I don't see how this is a problem.  I'm in a game right now where our rogue is pregnant (in game and out of game - both accidental ).  She still plays.  Granted, there will be a time when she can't play for a few weeks.  But I don't see how this is any different from me getting 20 extra hours each week for the next two weeks and missing my games.

Neither is planned.  Both are unavoidable.  It's life interfering with the game.  After 20 yrs of gaming I guess I'm used to it.

On my Saturday game (which is on hold for two weeks because of me) our rogue's wife just had a baby - gratz   He couldn't make it for the next two weeks.  When this problem at work picked up (I'm there now), it actually worked out for everyone.  Nobody wanted to brave the Caves of Chaos without their Striker.  Now they won't have to.


----------



## LeaderDesslok (Jul 12, 2008)

AtomicPope said:


> I suggest you take them to a strip club and let them get it out of their system.  After seeming professional tail a gamer girl won't be so impressive.  That is, if they're old enough to go to a strip club



I recommend everyone check out a strip club at least once. For the philosophical/scholastic benefits only of course.


----------



## AtomicPope (Jul 12, 2008)

Wow!  I just realized that both the rogue in my 3.5 game and the rogue in my 4e game have accidental pregnancies.  Those scoundrels!


----------



## Rel (Jul 12, 2008)

When running a game with female players, I just have a firm rule that nobody is allowed to flirt with them or make crude sexual references to them except me.


----------



## Ourph (Jul 12, 2008)

I game with a group of guys who are all in their 30's to early 40's.  Most of us are married, some of us have kids.  We all like the chance to get away from the ladies and spend some time with just us guys.  I am certain it would change the dynamic if we started including wives/girlfriends in the mix and we don't have any desire to add a stranger to the group, male or female.

That said, I've played in games with female gamers before and it's never been a problem (unless the lady in question just wasn't a very nice person, which has happened on occasion).  I have seen the "drooling male" thing happen a few times (in fact, I've also seen the "drooling female" thing happen too) and it's not something I would want to be around, but the people who engage in that type of behavior are usually not people I enjoy being around period, so it's never really been an issue (I wouldn't want to play in a game with them regardless of how they act around the opposite sex).


----------



## Clueless (Jul 12, 2008)

Huh. I haven't noticed anything despite my distinctly feminine genetics ... 

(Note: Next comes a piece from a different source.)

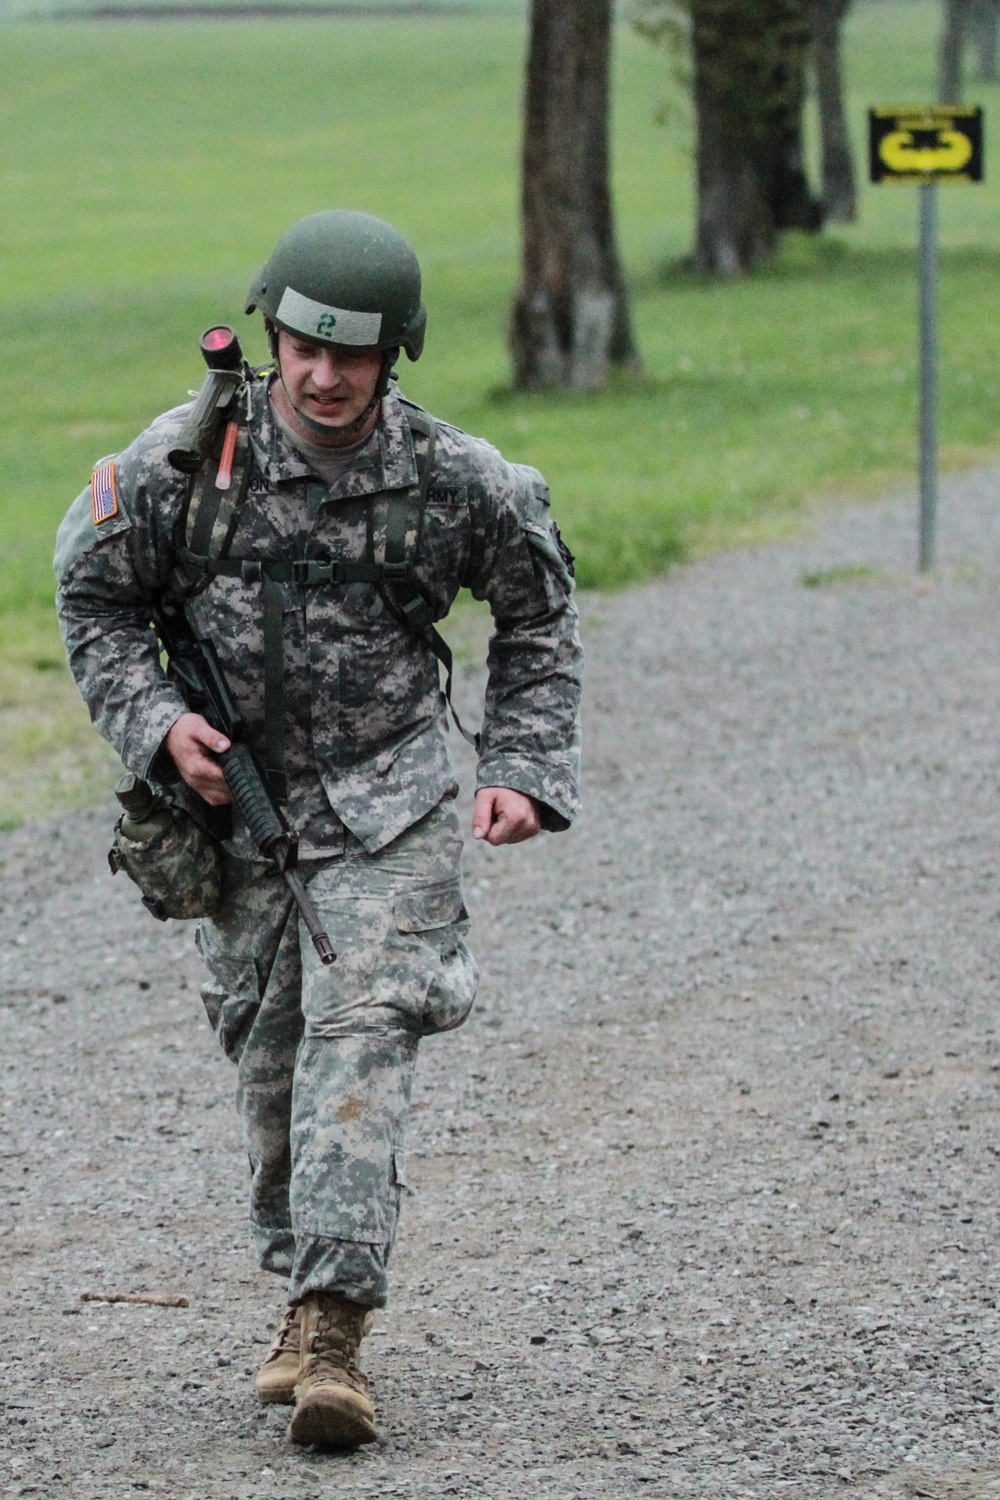 Strike amputee soldier nears 12-mile finish line

Then again *I'm* the crass one at my table. 


Aka: unless you fancy yourself an armchair psychologist, group dynamics shift anytime anyone of any gender enters a previously established dynamic - sometimes unpredictably for the good or ill. Try it and see how they work. The guys may be themselves and all works well, or may be themselves and turn the new lady off - or they may clean up their act, and become sullen... or then realize they *like* playing cleaner. Best bet is to institute a 'test period' to see how the dynamic works. 

Myself, when I wanted to pull my SO into the group, not because he's my SO but because he's an awesome and hilarious player who I thought would click wonderfully with the group.... first, before any gaming occurred whatsoever: We all went to dinner together. If a new player (of any gender) can hold it together in a normal social environment in public - then you'll generally have a good feel for how they are at the table unless they're the Jekyll/Hyde of gaming. Your established group can express any misgivings after dinner, and you won't have the embarrassment of tossing someone out of the game after bringing them in.

(As a sidenote: He fit in perfectly, and now they're thinking of roping him into GMing when a slot opens in our schedule.)


----------



## Harr (Jul 12, 2008)

Wow, you know your OP really hit home when it brings in a chain of _"I am *definitely* not a nerd but I suspect you may be"_ type of posts. Seriously, some of this stuff is painful to read. The 'gamers coming forward to proclaim they aren't stereotypes but really normal successful people' movement was cool a year and a half ago.. nowadays, a bit played.

For the record, behaving the same way and not adapting your behavior to the people you are with or the situation you are at *is one of the things that defines* the nerdish or socially-misadapted. They are the ones who stay unrestrained and crass and snicker and giggle and tickle each other etc. whether they are with friends, with strangers, in private, in public, with men, with women, etc. This is nothing to be proud of IMHO.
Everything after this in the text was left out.